The Italian fashion house Benetton has withdrawn an advert depicting Pope Benedict XVI kissing a Muslim leader hours after it was condemned by the Vatican.
The campaign is entitled “Unhate” and features doctored images of supposedly antagonistic world leaders in kissing scenes. The Vatican said the image of Pope Benedict embracing Sheikh Ahmad el-Tayeb, president of al-Azhar University in Cairo, who announced the suspension of dialogue with the Vatican earlier this year, was offensive.
The ads were unveiled yesterday and a few hours later the Vatican spokesman, Jesuit Fr Federico Lombardi, registered a strong protest. He condemned what he called “a completely unacceptable use of the image of the Holy Father, manipulated and exploited in the context of a publicity campaign for commercial ends”.
Shortly afterward, the image was gone from the website of the Unhate Foundation. The Italian news agency ANSA reported that a company spokesman said it had withdrawn the image.
Fr Lombardi said the image represented “a serious lack of respect for the Pope, an offence to the sentiments of the faithful and a clear demonstration of how fundamental rules of respect for people can be violated by advertising, in order to attract attention through provocation”.
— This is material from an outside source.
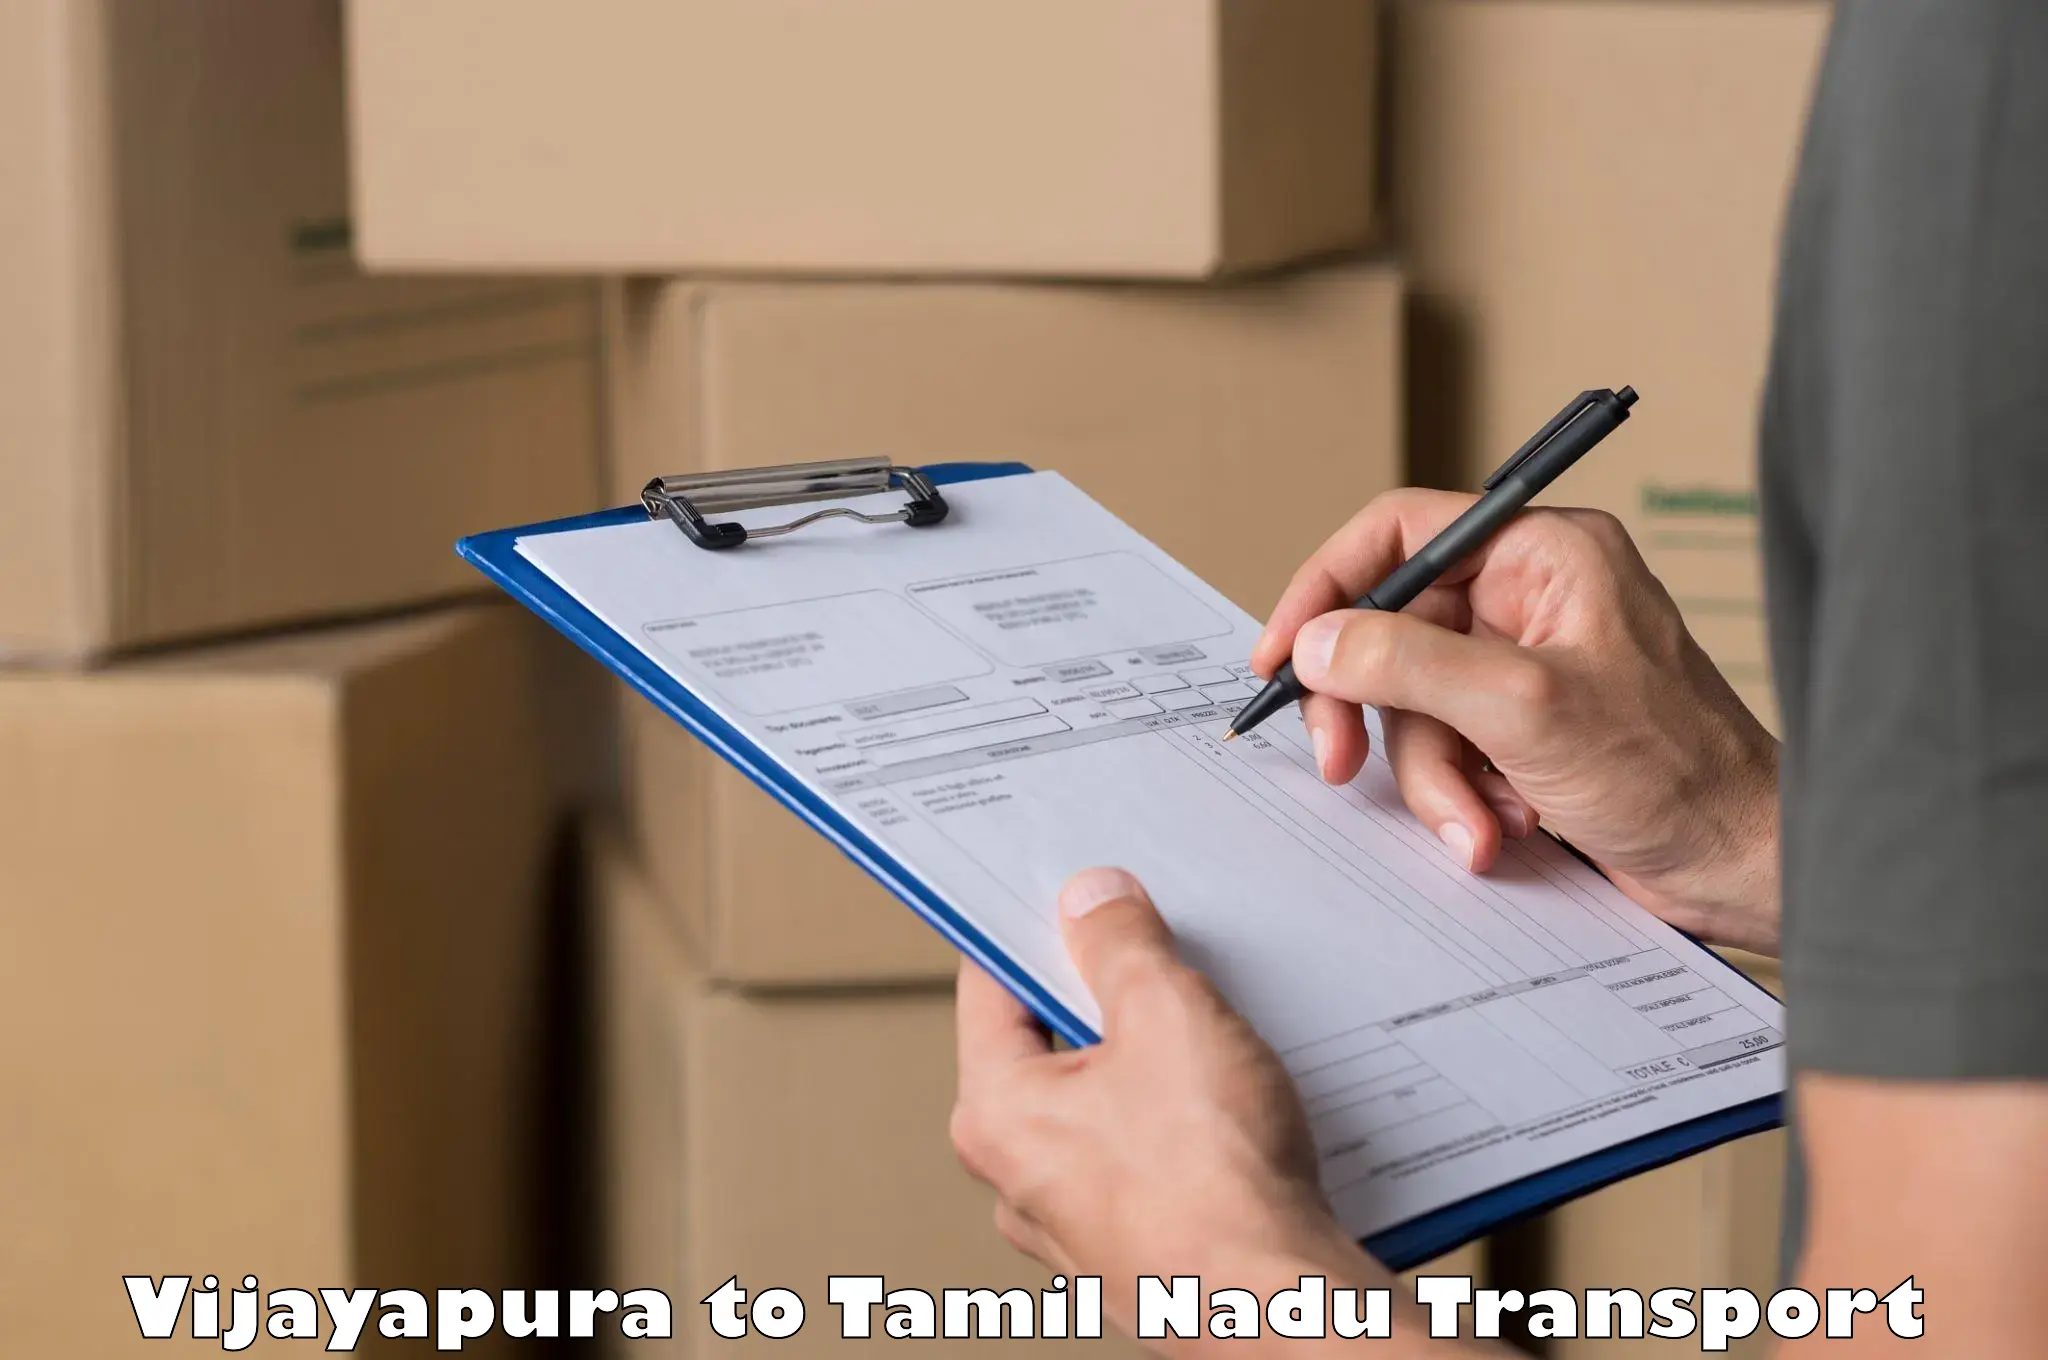 Container transport service Vijayapura to Tamil Nadu

Fr Lombardi said the Vatican’s Secretary of State was considering what steps to take in order to guarantee “respect for the figure of the Holy Father”.
In the past, Benetton has employed shocking images in its advertising campaigns. One ad in 1991 depicted a priest kissing a nun.
Other images in the current campaign portray President Barack Obama kissing Chinese leader Hu Jintao and Israeli Prime Minister Benjamin Netanyahu embracing Mahmoud Abbas, president of the Palestinian Authority.